▶ [Your task] The answer should hold only the lines from the one that contains "Leer, öffnen Sie" through the last line of the material, repeated exactly, without pictures.

▶ [Recorded information]
★ ★ ★

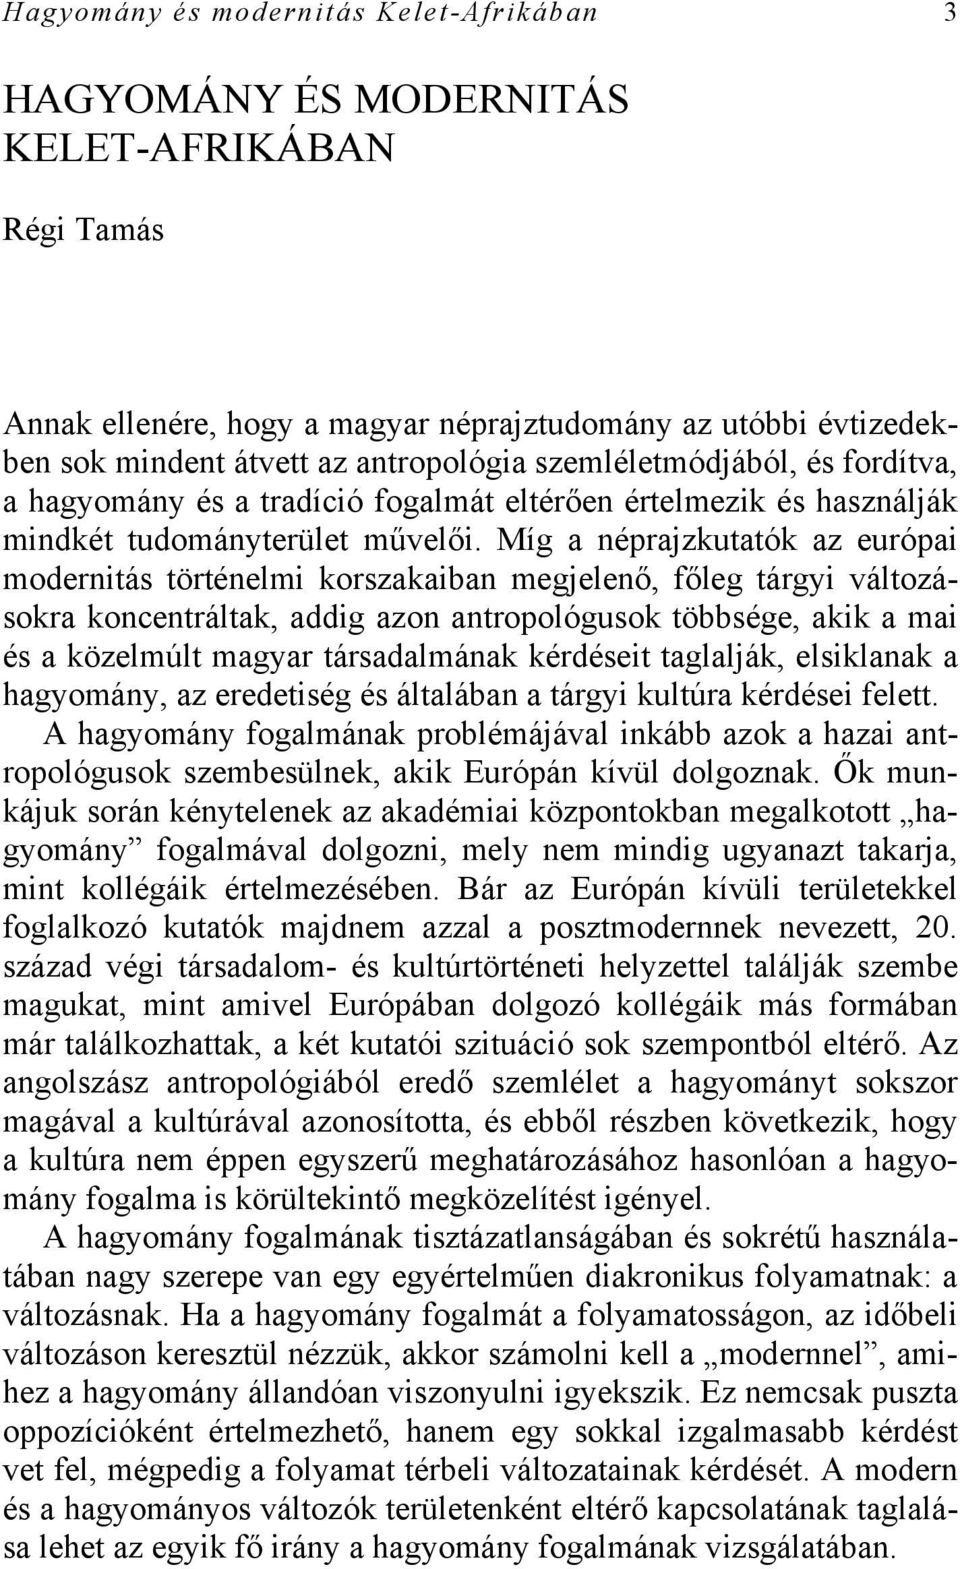 Míg a néprajzkutatók az európai modernitás történelmi korszakaiban megjelenő, főleg tárgyi változásokra koncentráltak, addig azon antropológusok többsége, akik a mai és a közelmúlt magyar
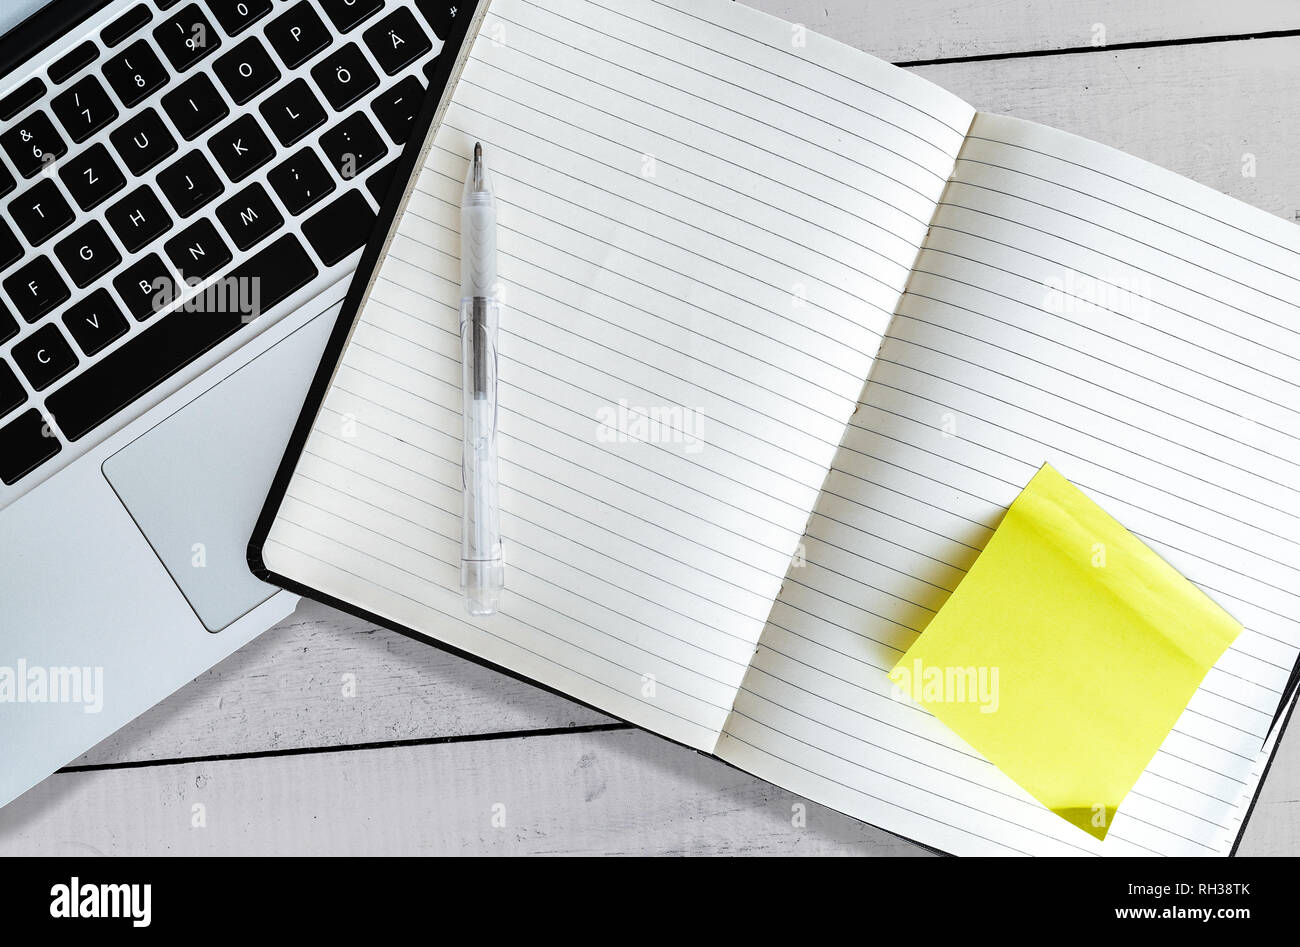 Leer, öffnen Sie die Anwendung "Notizen" mit gelben Haftnotiz neben Laptop auf weiße Holztisch Stockfoto
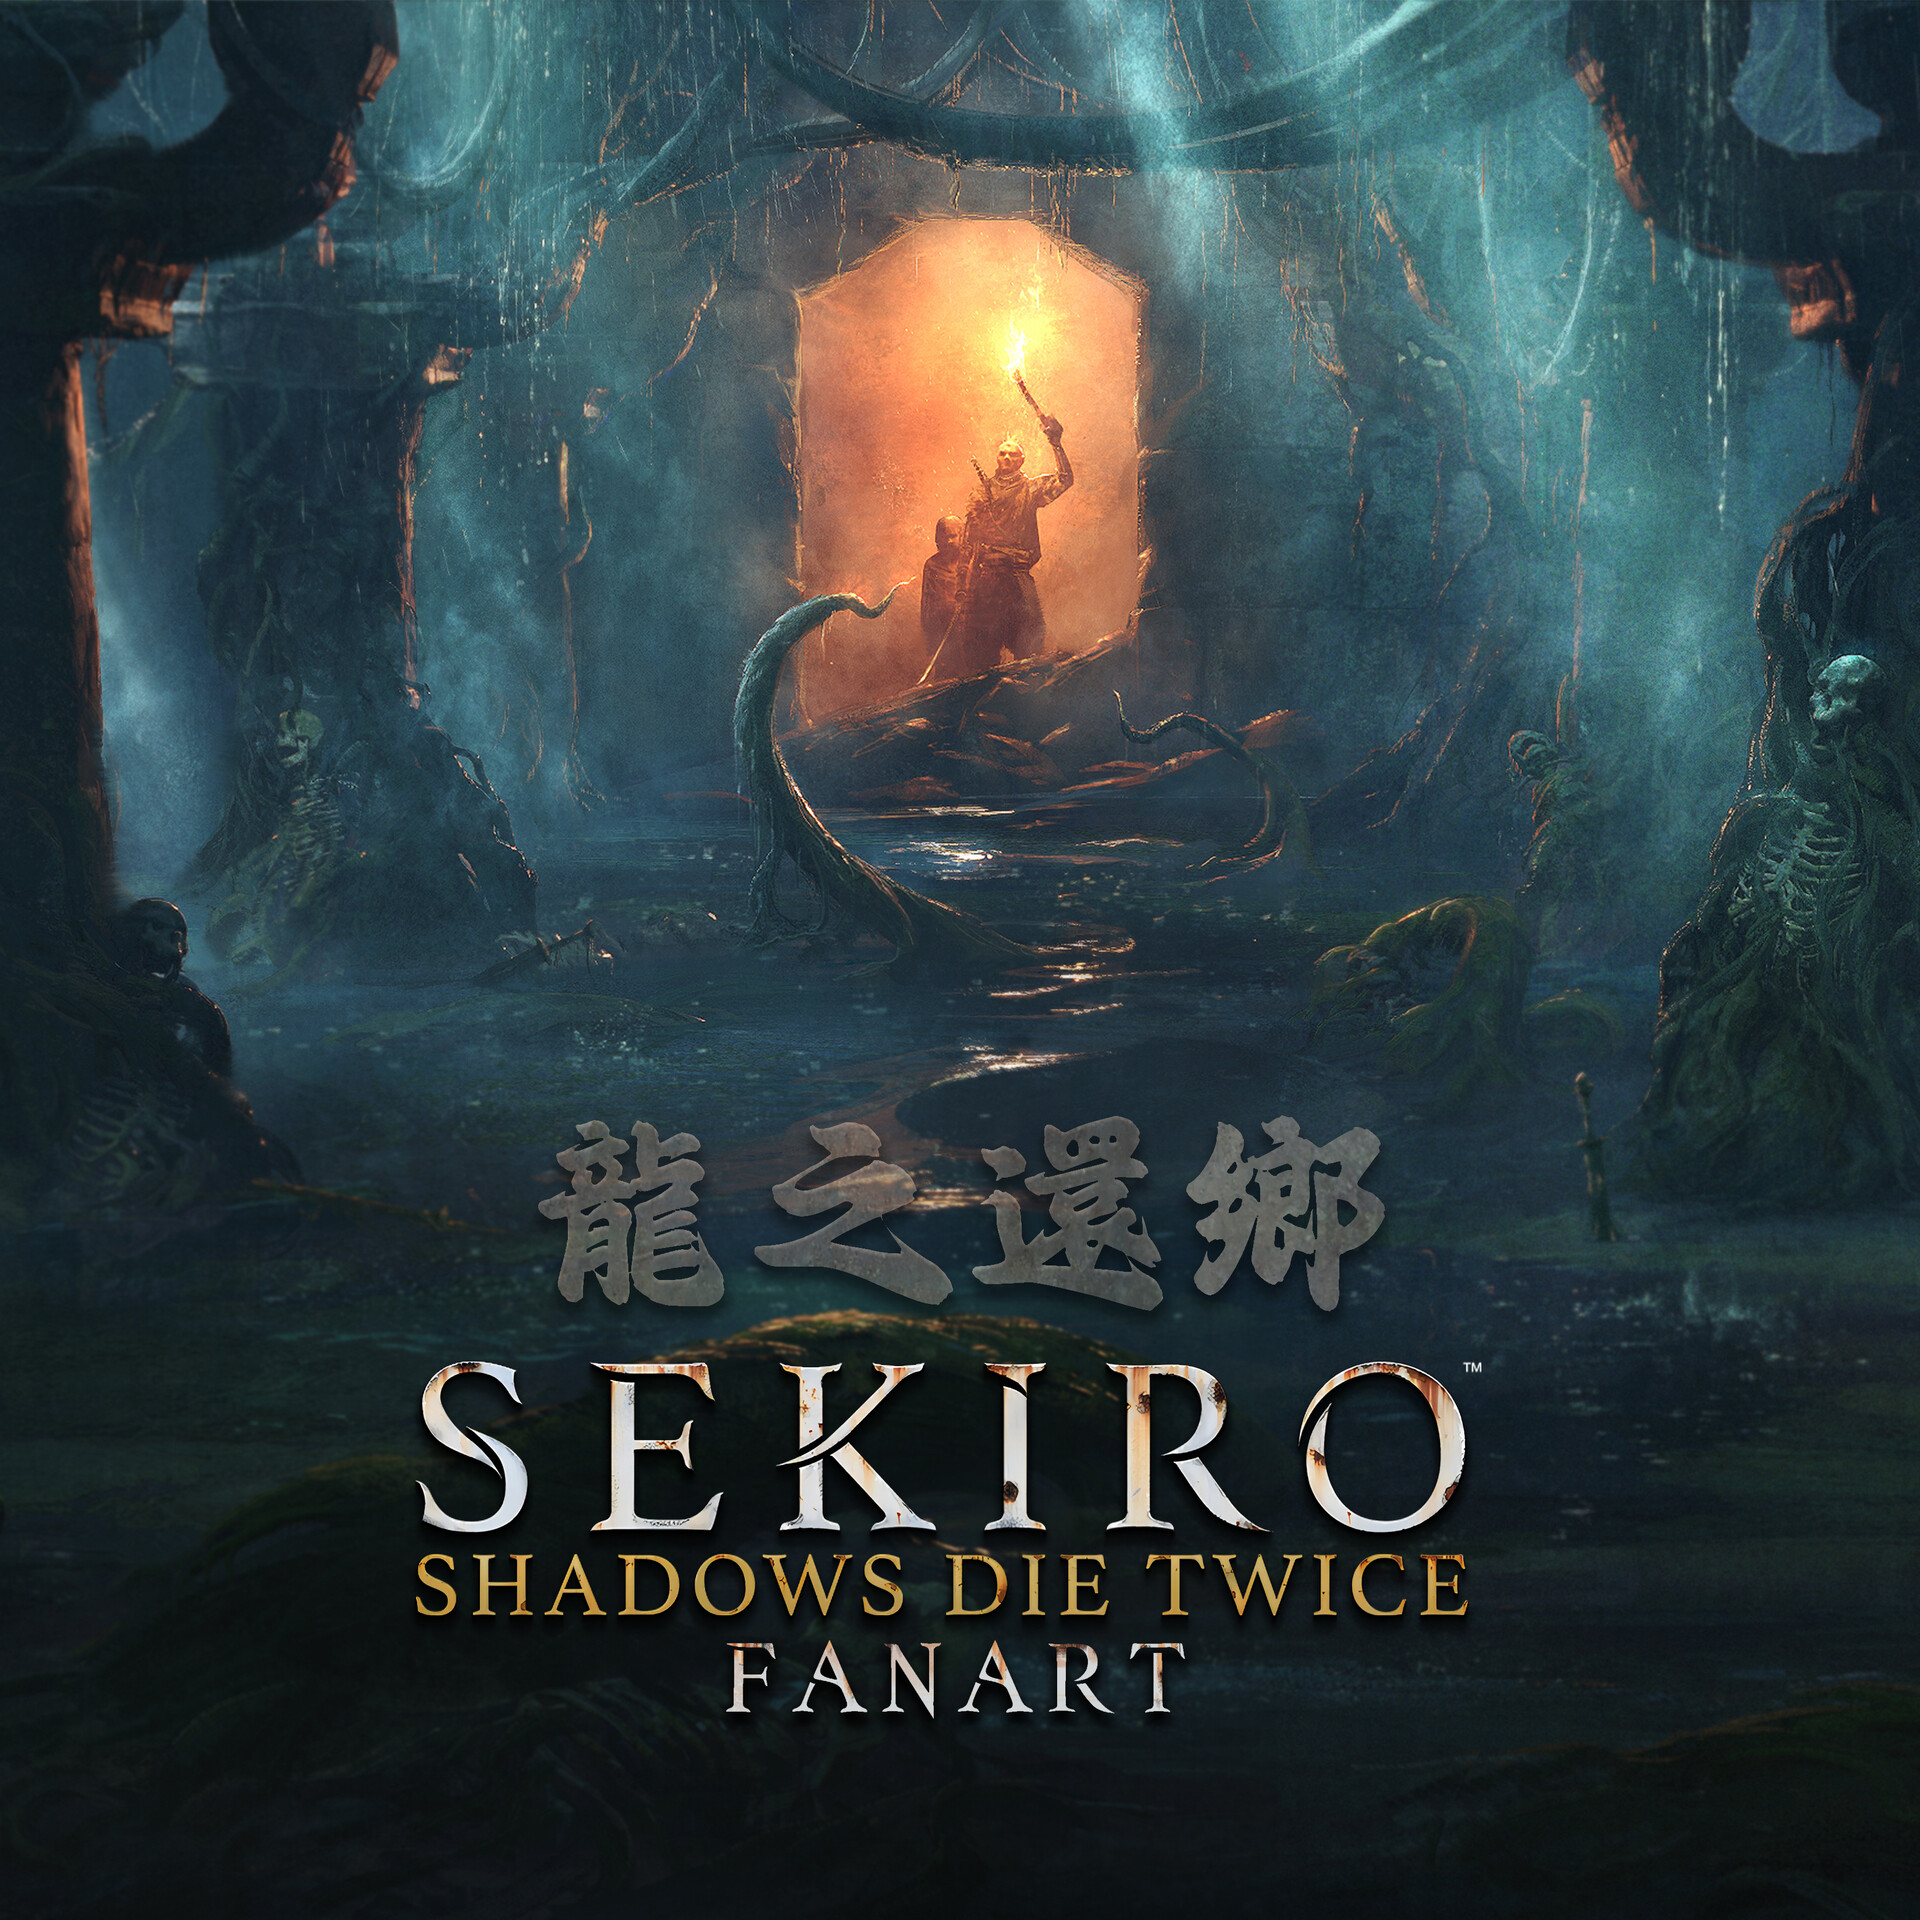 PS4] Sekiro Fan Art Alternate Cover. Credit in comments. : r/Sekiro

★ ★ ★

▶ [Response area]
 Leer, öffnen Sie die Anwendung "Notizen" mit gelben Haftnotiz neben Laptop auf weiße Holztisch Stockfoto
 PS4] Sekiro Fan Art Alternate Cover. Credit in comments. : r/Sekiro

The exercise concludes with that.